Note: like all fruits, bacupari is relatively high in sugar and should be consumed in moderation.

Medicinal uses for bacupari

The nutritional and medicinal constituents of bacupari have imbued it with a good range of therapeutic qualities, most notably the ability to normalize imbalances in the body.

Traditionally, bacupari has served as an antiphlogistic or anti-inflammatory agent. Even the leaves of the bacupari tree have been found to contain anti-inflammatory properties, making this plant a good choice for reducing inflammation.

Another traditional use for bacupari lies in the yellow resin, which has been used as a folk remedy for treating external wounds.

Bacupari seeds, leaves, and bark are said to provide relief from skin-related disorders.

As a garcinia fruit, bacupari is believed to be a good weight loss aid thanks to its fat-neutralizing qualities, so combining bacupari with a healthy diet and active lifestyle can help combat obesity.

Body systems supported by bacupari

The presence of antioxidants and vitamin C, itself a vitamin with antioxidant properties, means that bacupari can aid in the detoxification process and strengthen the immune system.

The regulatory qualities of bacupari are such that consuming it is said to correct hormonal imbalances.

Ways to use bacupari

Bacupari can be consumed raw, though the taste is so palatable that children will often eat this fruit before it has fully ripened.
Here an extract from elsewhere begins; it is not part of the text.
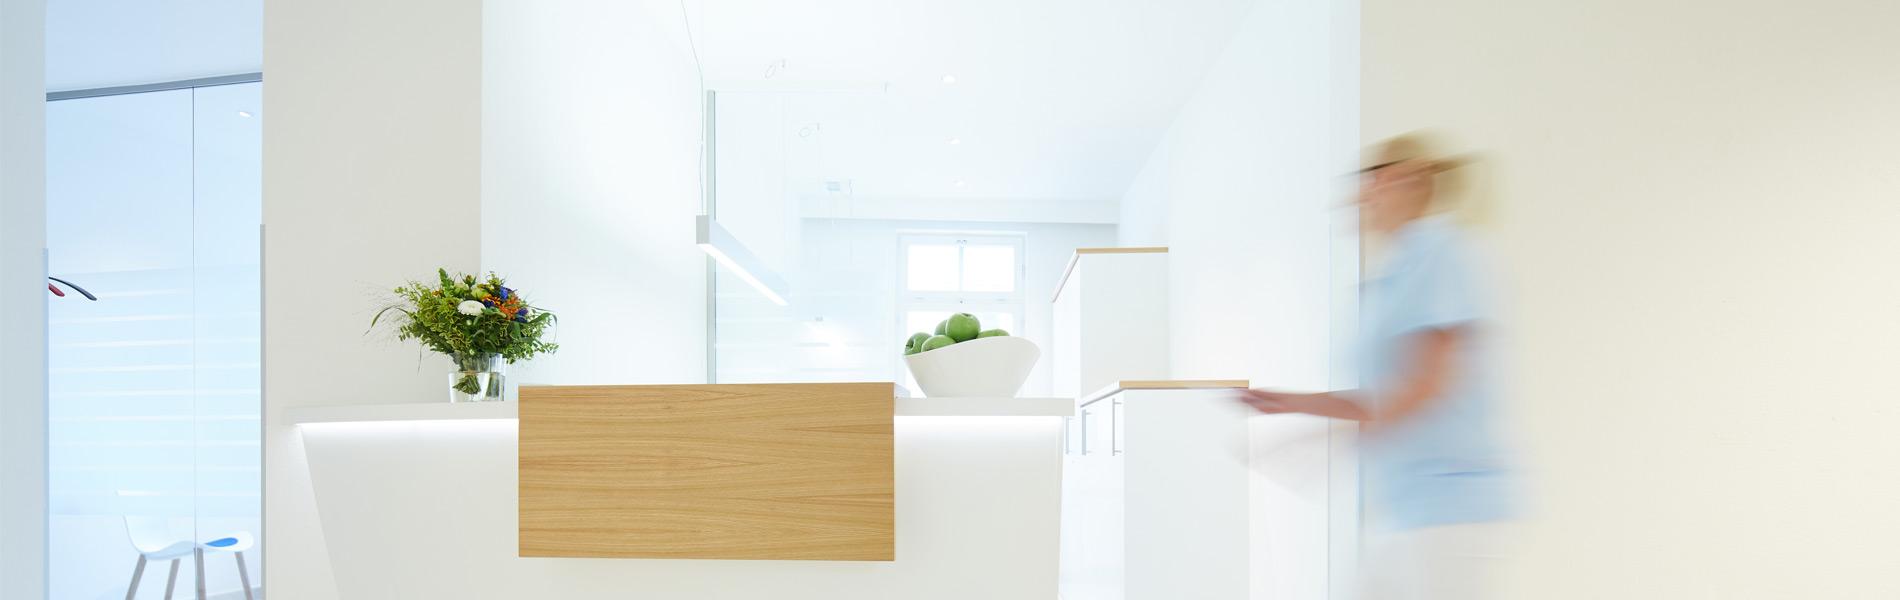 Zahnarztpraxis Dr. Wiesner - Ihr Zahnarzt in Tübingen – Dr. Wiesner 1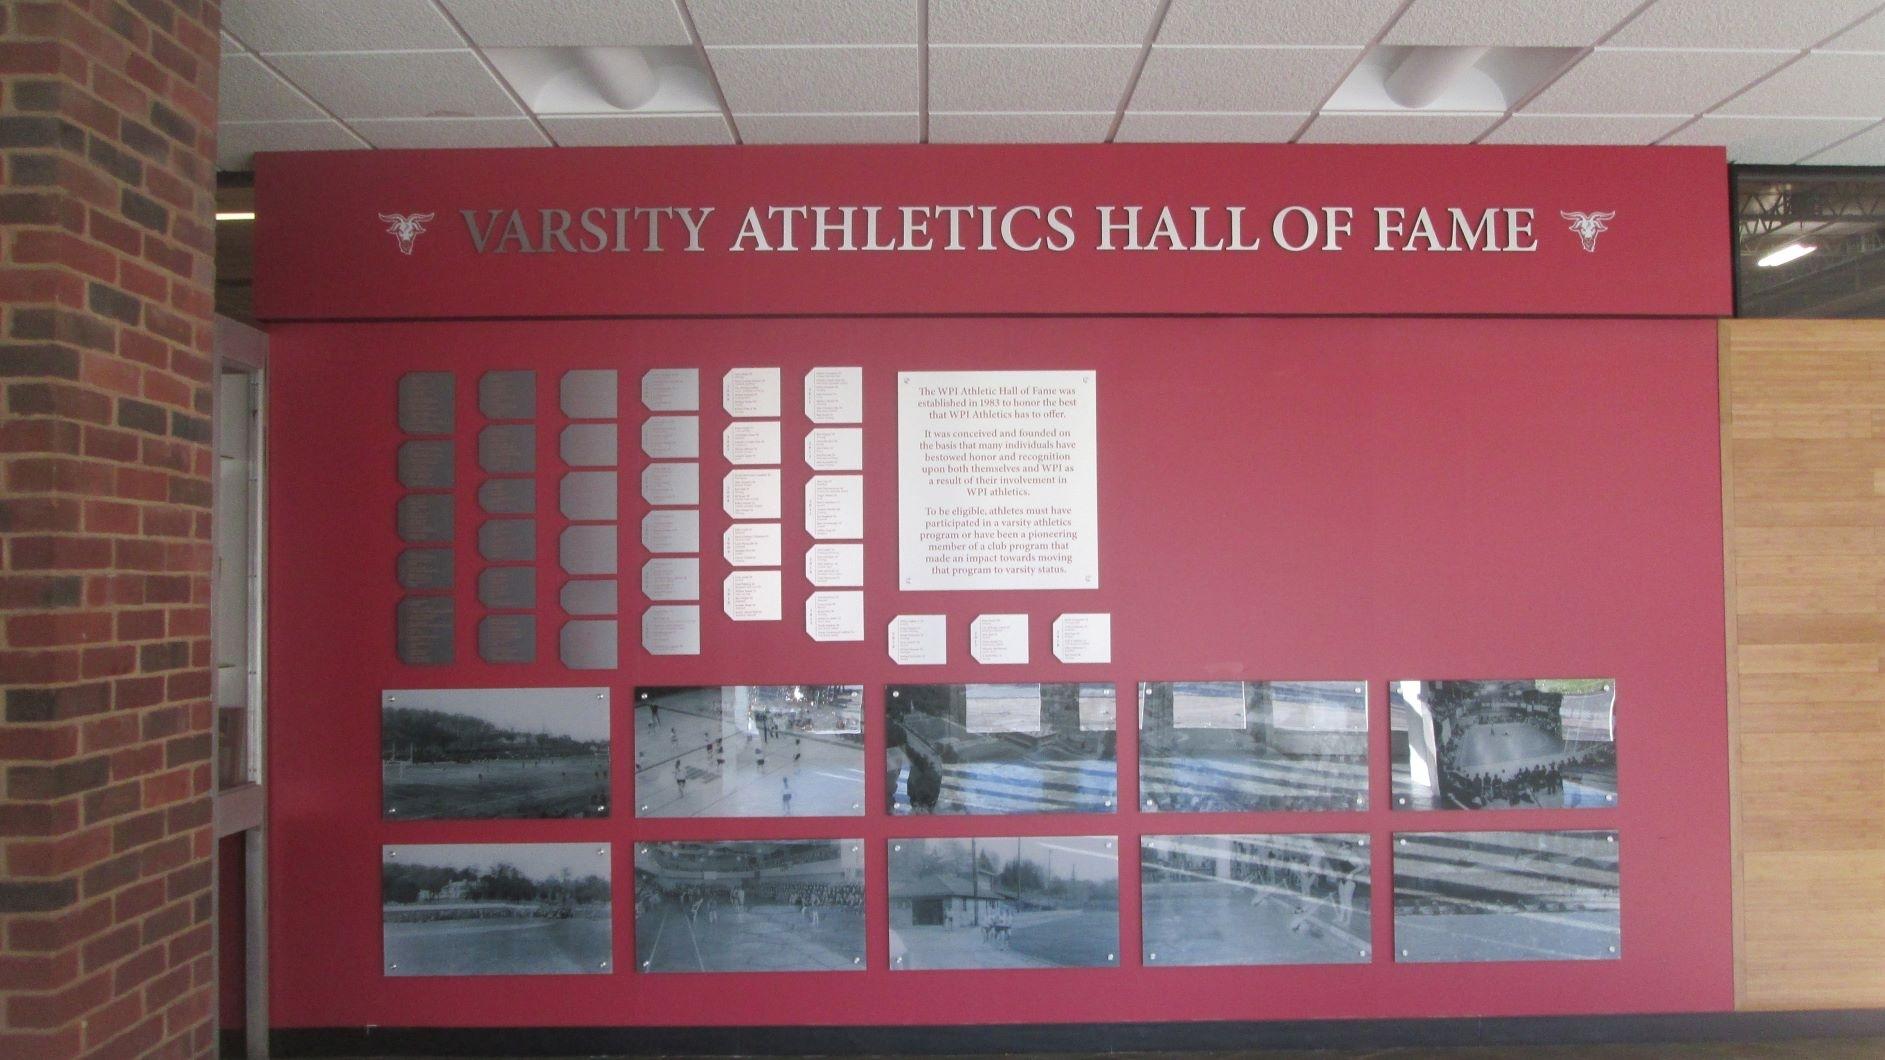 Harrington Auditorium – Wpi Engineers | Stadium Journey

Bacupari picked and eaten early has a slightly sour flavor. When ripe, bacupari has been described as having a somewhat acidic and tart, largely sweet flavor similar to that of custard.

Bacupari pulp can be used to create jams and desserts.

The lemony-tasting aril is edible as well, and will add a touch of sourness to cooked dishes and teas.

Note: consuming a large amount of bacupari has led to some individuals experiencing mild discomfort, so it’s best to eat this fruit in moderation.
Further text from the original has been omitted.